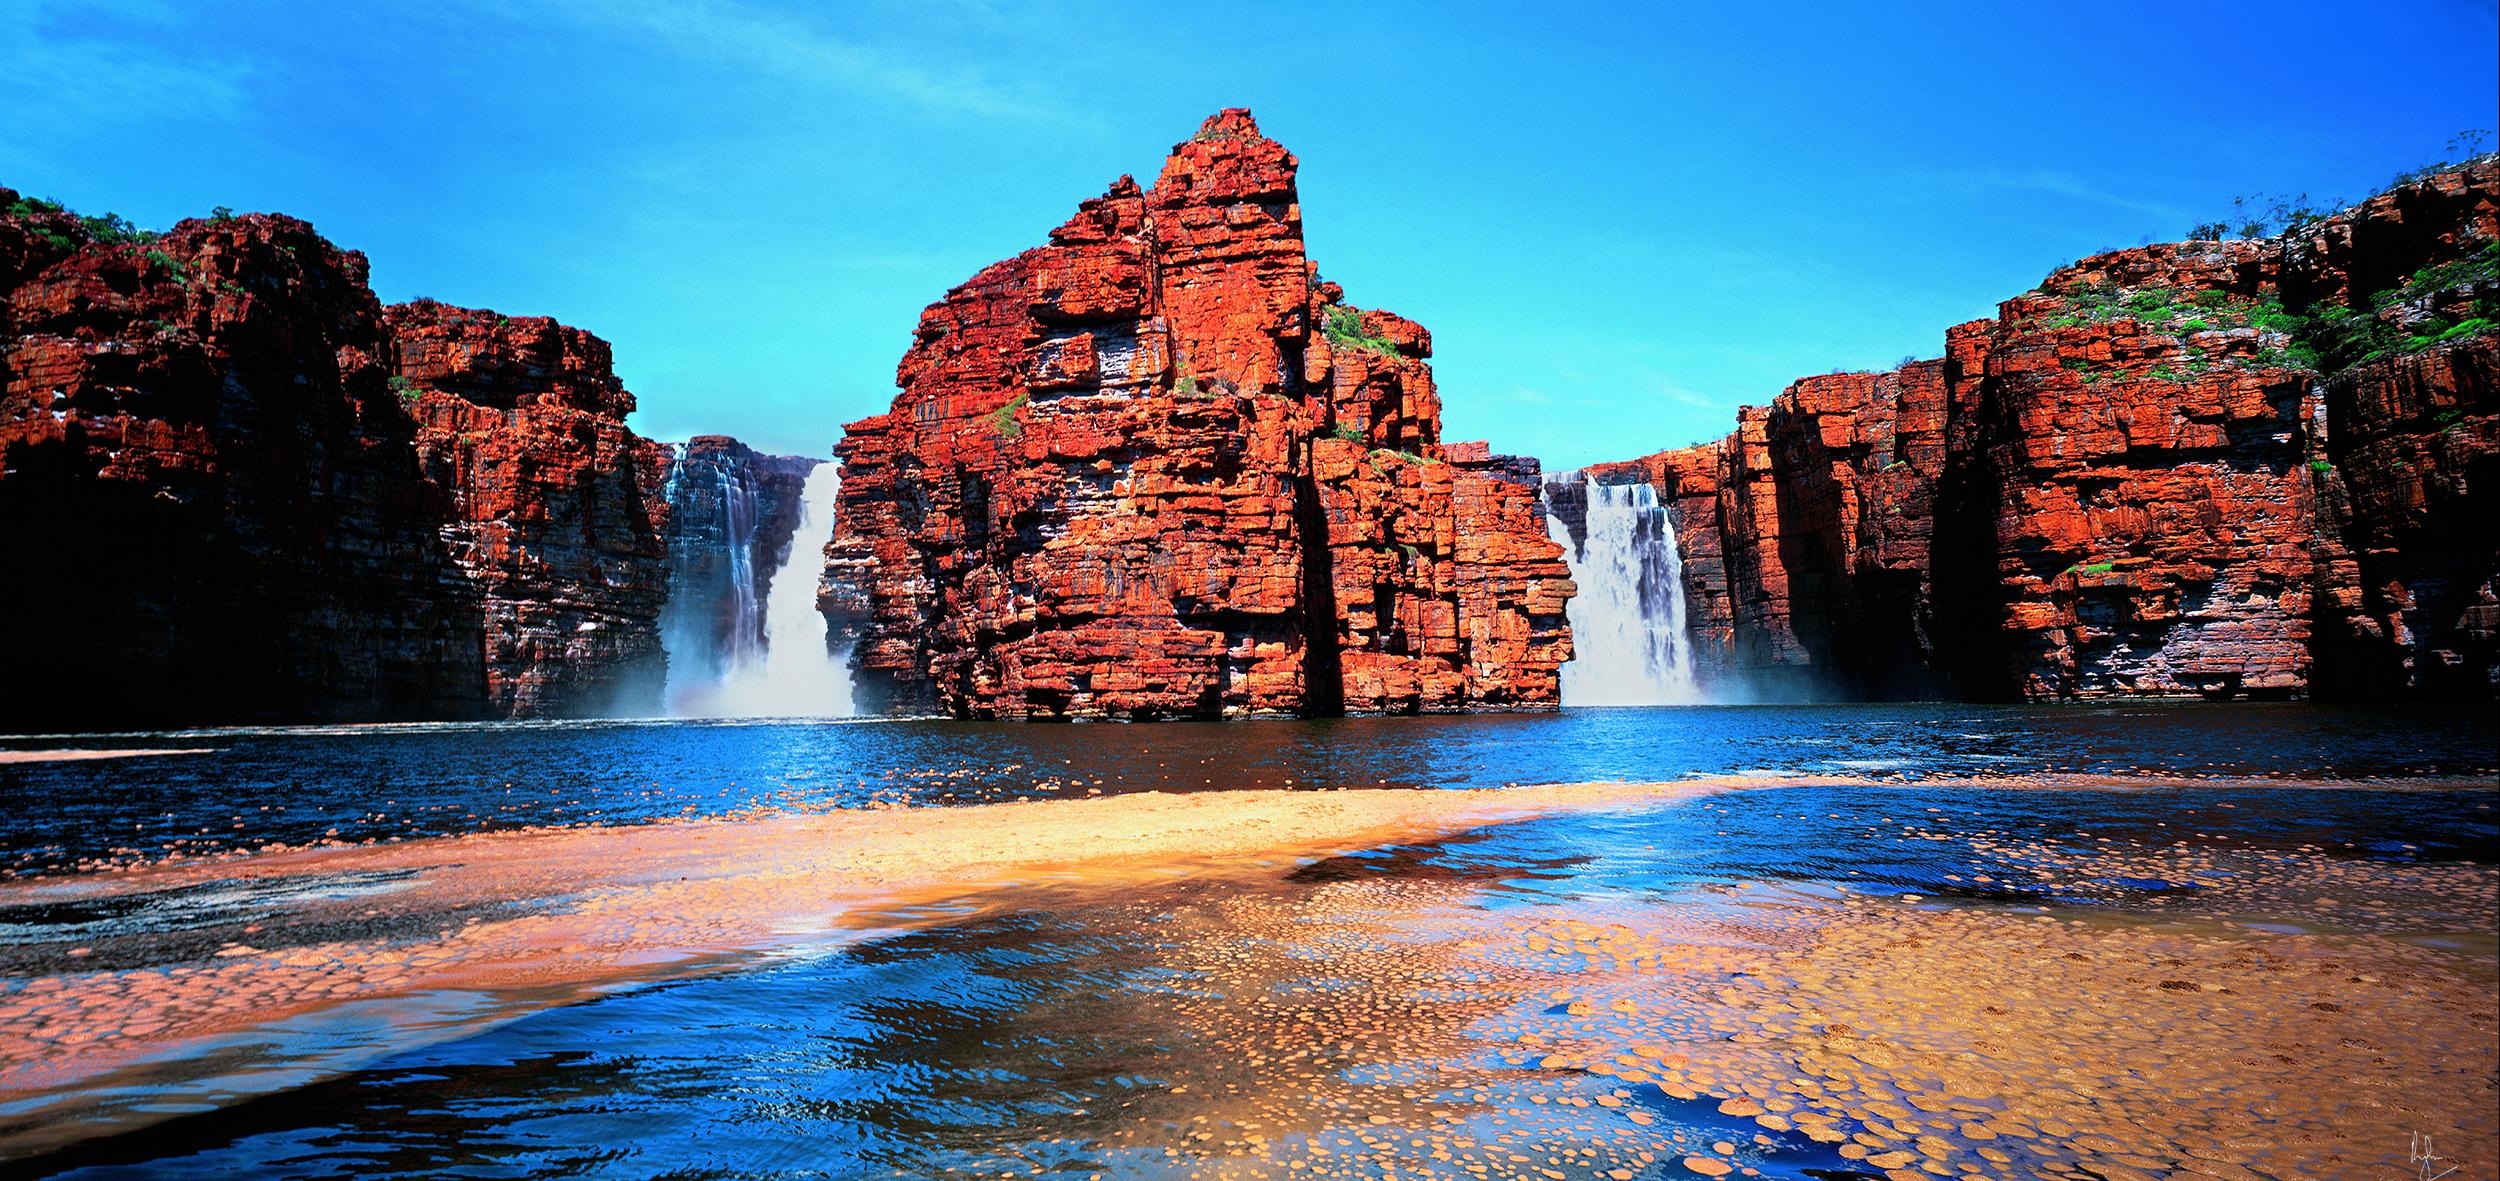 King George Falls, Kimberley, Western Australia, 2005. Edition of 250.
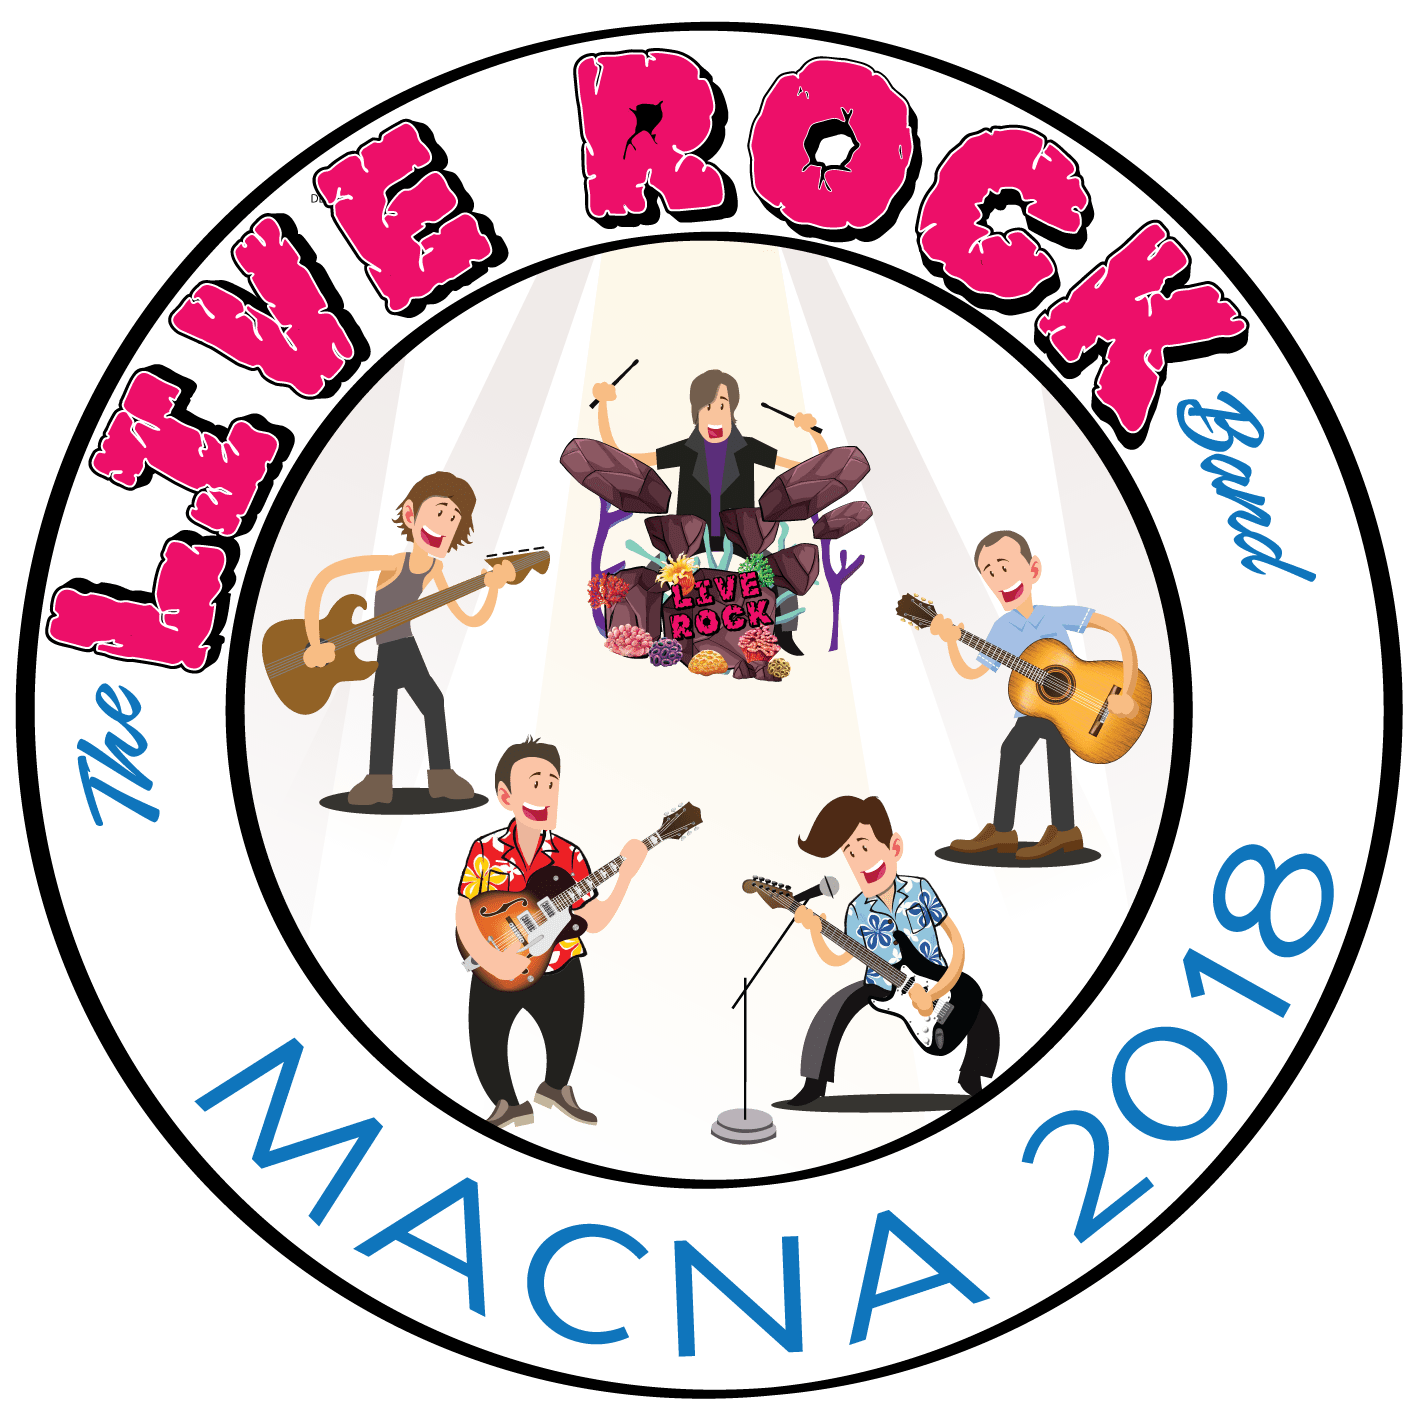 Live Rock Band MACNA 2018 Logo
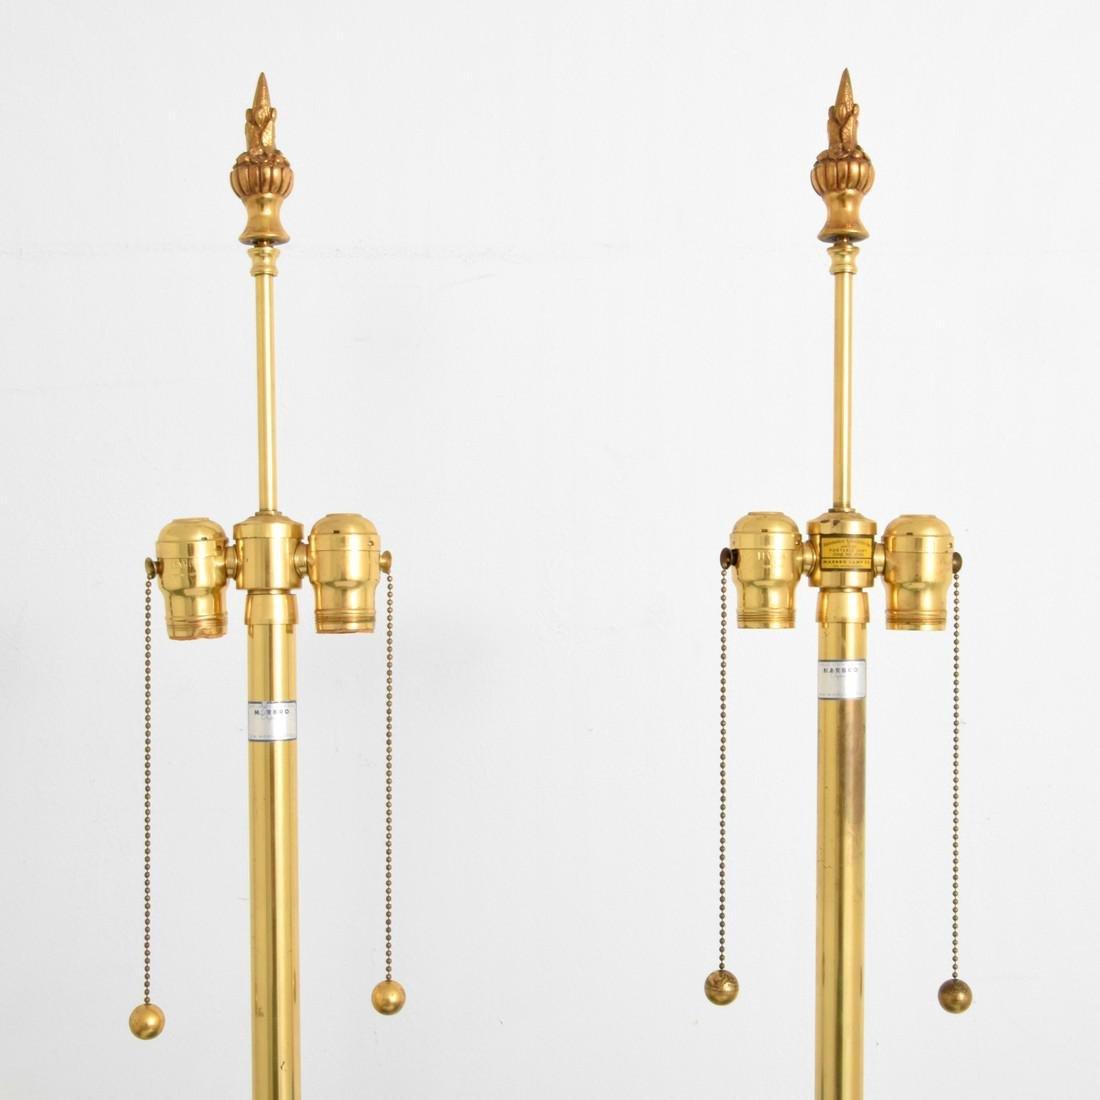 Pair of Monumental Marbro Lamp Co. Lamps - 3
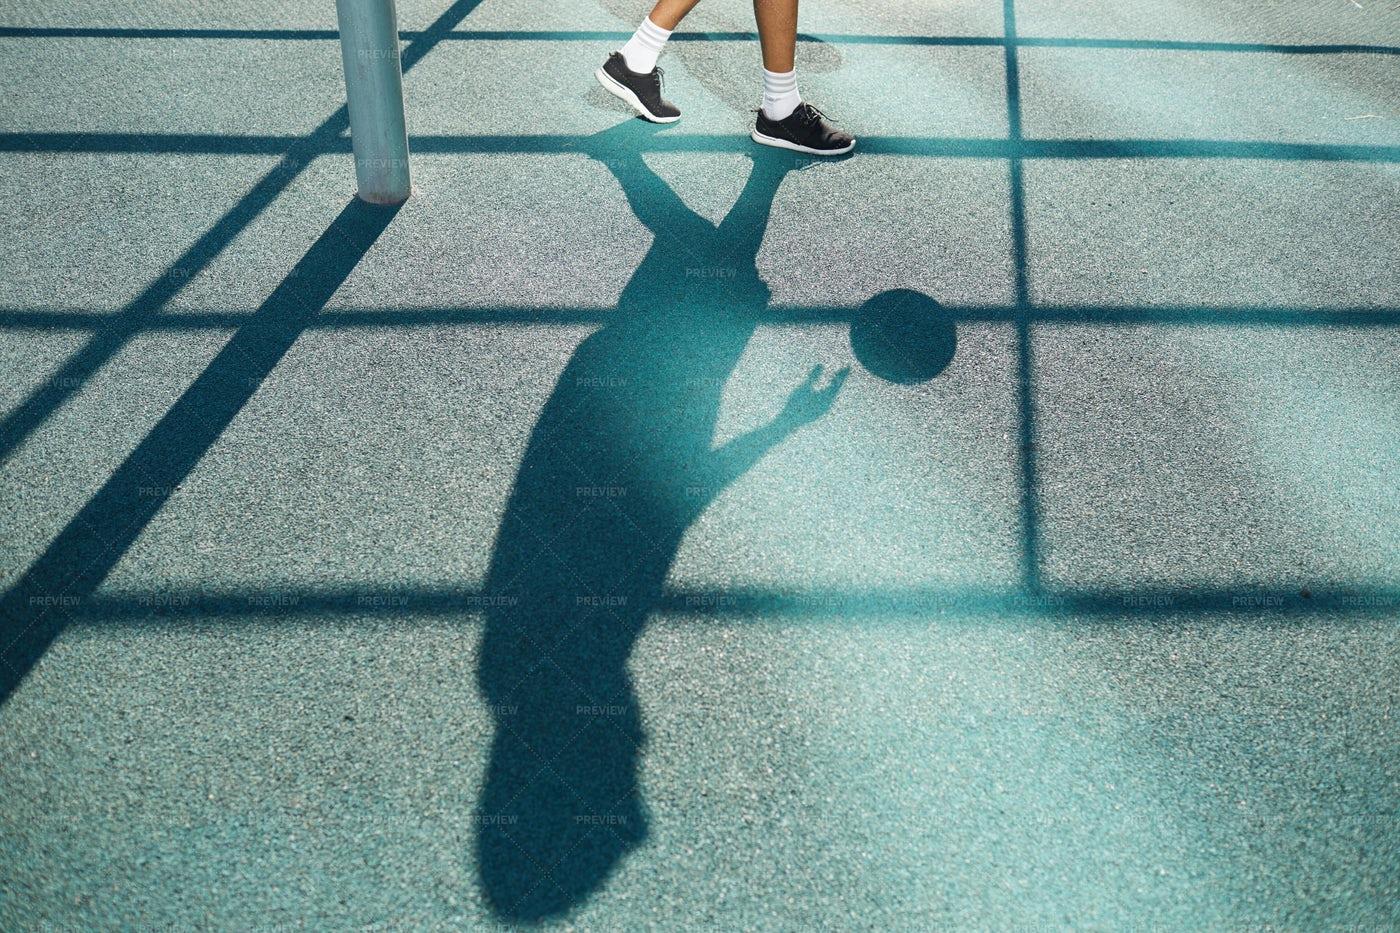 Shadow Of Basketball Player: Stock Photos

════════

**WORK INSTRUCTIONS**
Set down, in exact form, only the lines that start at the one containing "Pair of Monumental Marbro Lamp Co. Lamps - 3" and finish at the last line of the material; pictures do not go in.

**EXERCISE OUTPUT**
 Pair of Monumental Marbro Lamp Co. Lamps - 3
 Shadow Of Basketball Player: Stock Photos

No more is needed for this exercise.